For All by Gary Snyder

[Gary Snyder is a famed contemporary Buddhist monk, deep ecologist poet and activist who, at age 87, still leads the Ring of Bone zendo in California. We met at Hollyhock Farm in a 1989 workshop and earlier in 1973 at an Alan Watts memorial in San Francisco. Turtle Island is a traditional First Nations term for North America]
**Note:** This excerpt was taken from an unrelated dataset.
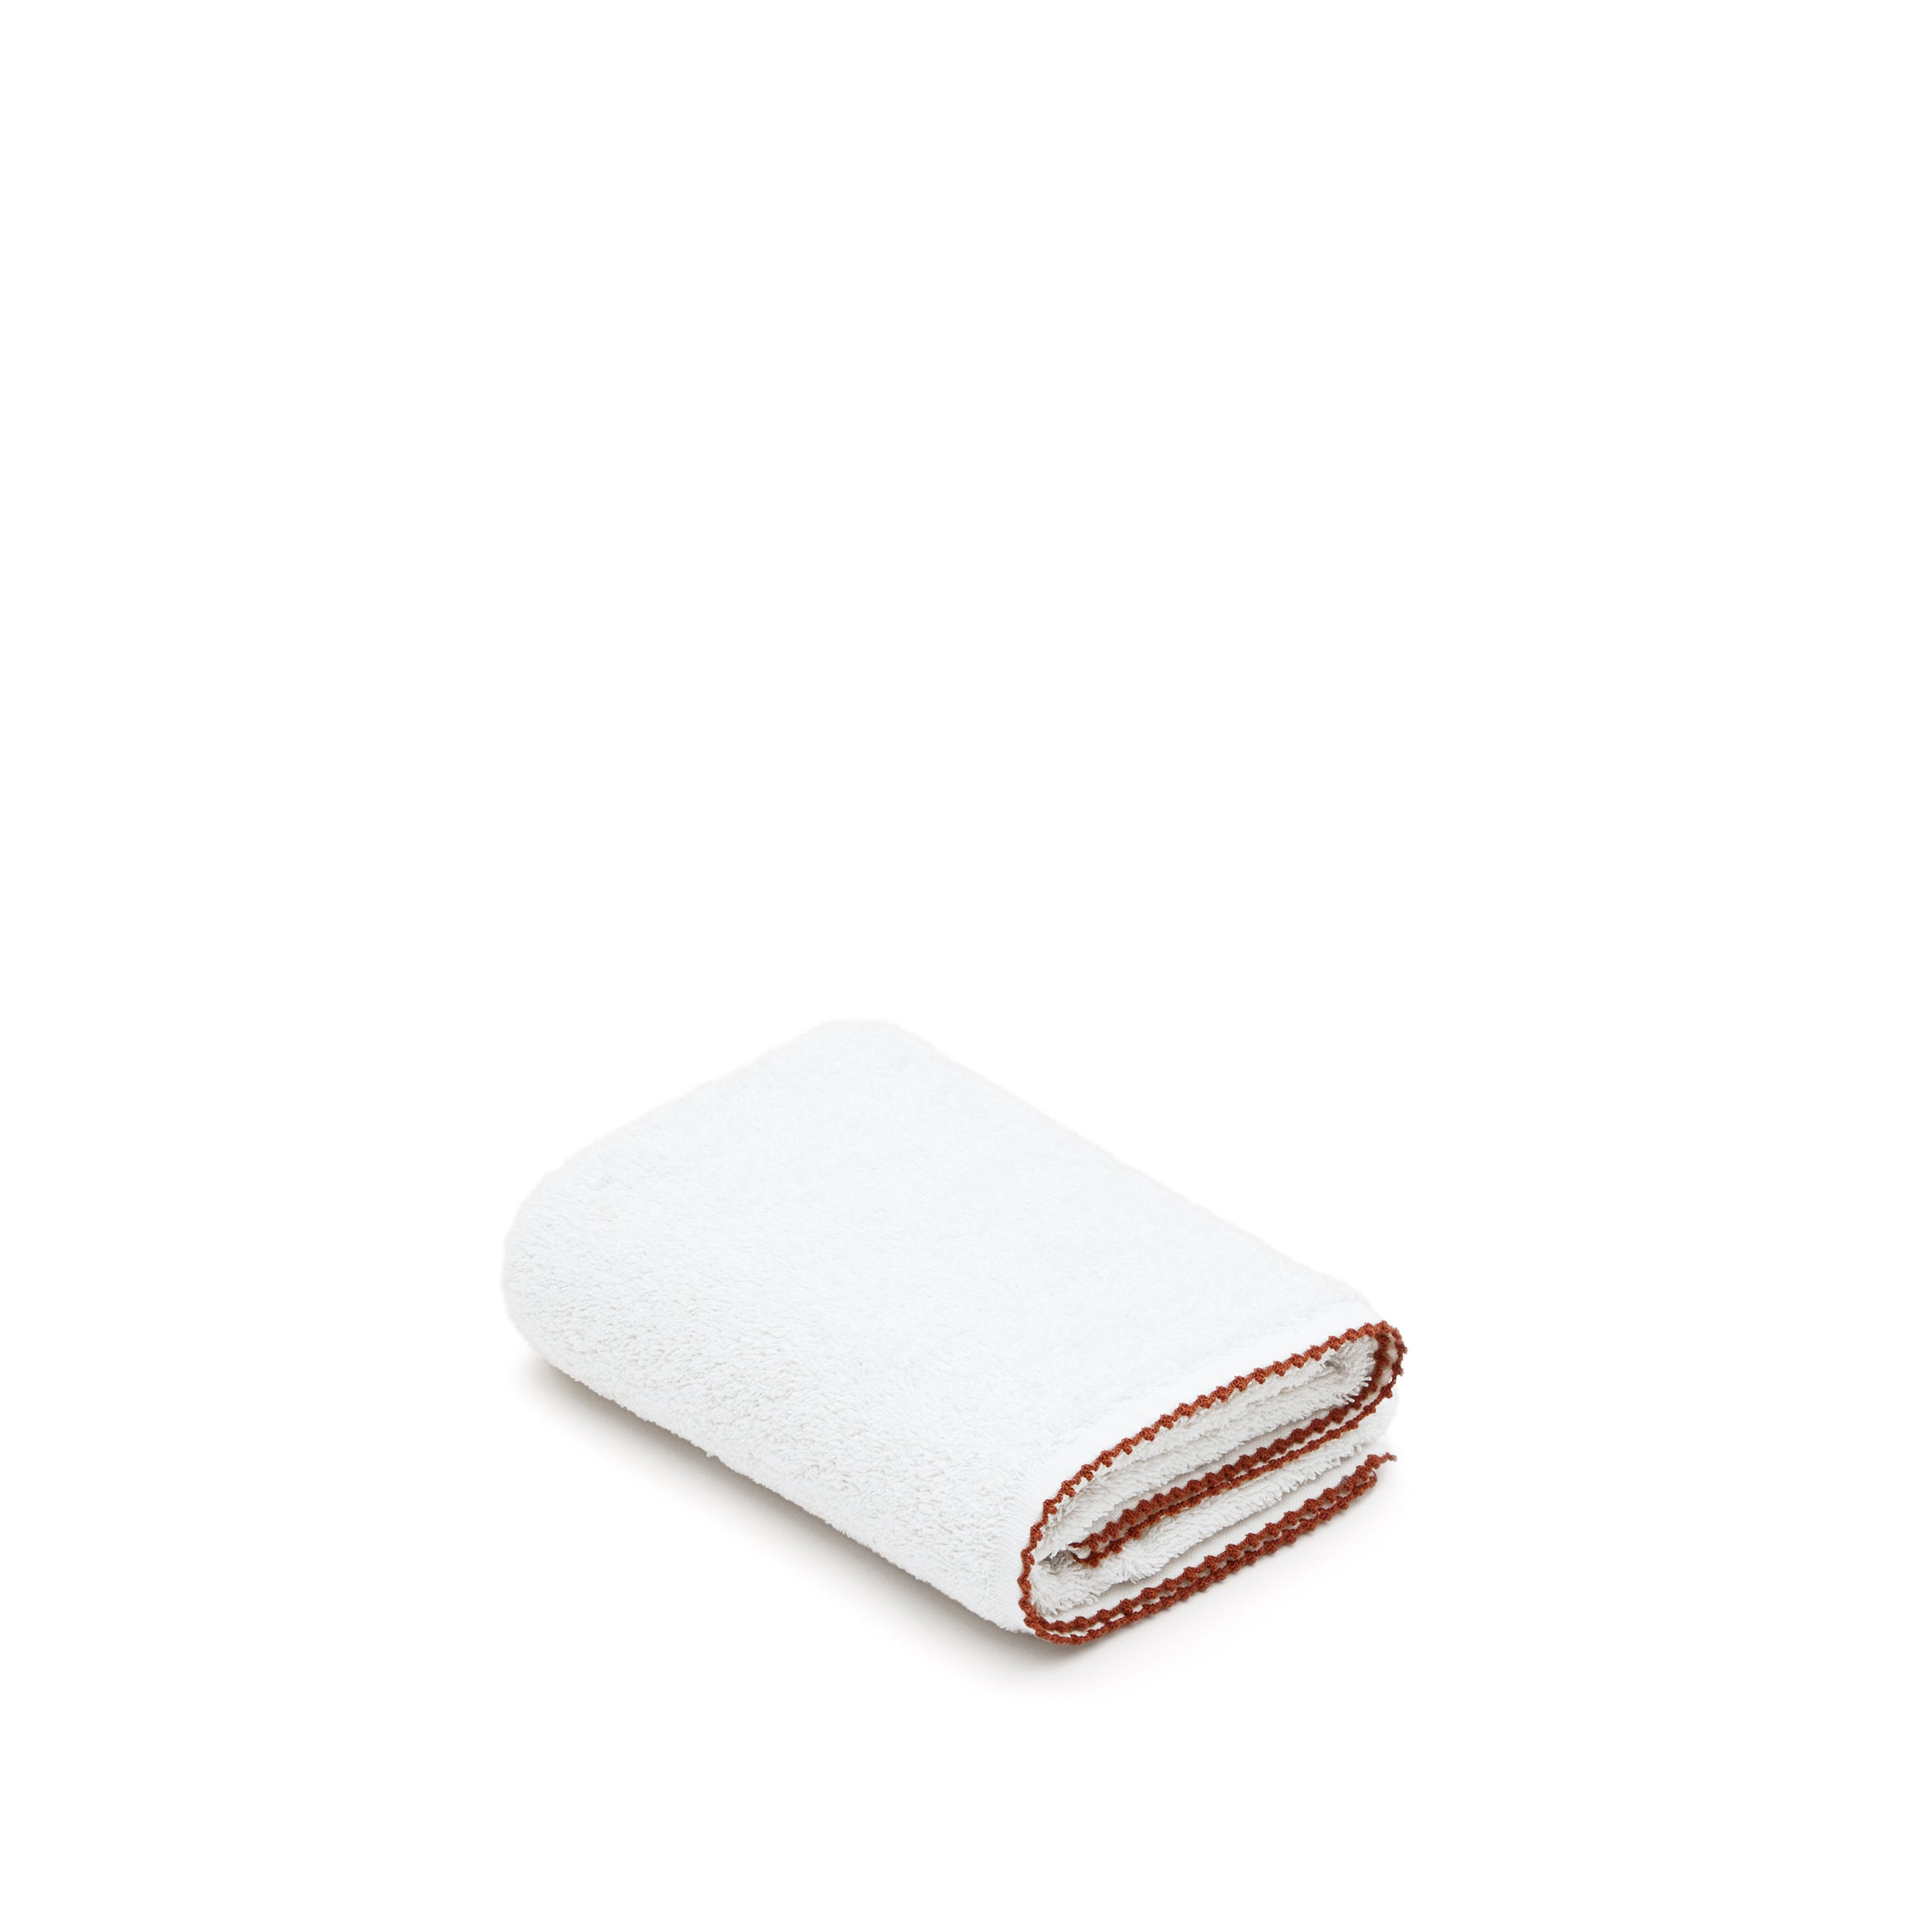 Sinami hand towel made of 100% white cotton with contrasting terracotta details 50 x 90 cm

“Ah to be alive on a September morn, fording a stream barefoot, pants rolled up, holding boots, pack on, sunshine, icy shallows, northern Rockies. Rustle and shimmer of icy creek waters, stones underfoot, small and hard as toes, cold nose dripping, singing inside, creek music, heart music, smell of sun on gravel. I pledge allegiance to the soil of Turtle Island, one Eco-system in diversity, under the sun. With Joyful Penetration for all.”

Do Not Stand at My Grave and Weep by Mary Frye (1905-2004).

[The only poem she ever published (1932) for a friend’s memorial. It has become famous, set to a lovely melody sung by many western singers and choirs. She comforts her friend by reminding her of their shared experience of Nature’s Beings as ‘I-thou-we” will live on beyond our demise.

“Do not stand at my grave and weep

I am not there. I do not sleep.

I am a thousand winds that blow.

I am the diamond glints on snow.

I am the sunlight on ripened grain.

I am the gentle autumn rain.

When you awaken in the morning’s hush

I am the swift uplifting rush

Of quiet birds in circled flight.

I am the soft stars that shine at night.

Do not stand at my grave and cry;

I am not there. I did not die.”

Wild Geese by Mary Oliver (1935).

[A well-loved contemporary American poet, English professor, and Pulitzer Prize winner who captures our longing for union with ‘the ten thousand things’ (Tao Te Ching) in many of her nature poems. The ‘despair’ she mentions could be our emotional response to ominous climate change facts. She is known for her haiku “Instructions for Living a Life” – “Pay attention, be astonished, tell about it.”]

“You do not have to be good or walk on your knees for 100 miles through desert, repenting. You only have to let the soft animal of your body love what it loves. Tell me about your despair, I’ll tell you mine. Meanwhile the world goes on: the sun and clear pebbles of rain move across the landscape, over prairies, deep trees, mountains and rivers. Meanwhile the wild geese, high in clean blue air, are heading home again. Whoever you are, no matter how lonely, the world offers herself to your imagination, calling to you like wild geese, harsh and exciting— over and over, announcing your place in the family of things.”

Name Give Away by Phil George (Tsimshian 1975).

[A poignant, painful remembrance of residential school days and the importance of his/our birth or initiation name that references ‘beings in nature’.]

“My teacher gave me a new name again. Yesterday it was Peter. Today it was Phillip. Still I don’t know what they mean. She never even had a feast or give away. ‘Two Swans Ascending from Still Waters’ must be a name too hard to remember.'”

In conclusion: you undoubtedly have your own favourite ‘Deep Ecology’, ‘Eco-Self’ poems that inspire and ground you in the Great Inter-connecting Web of all Beings. Do bring or send them to share with the Council, especially one’s you’ve written. Please recommend your favourite poets and books.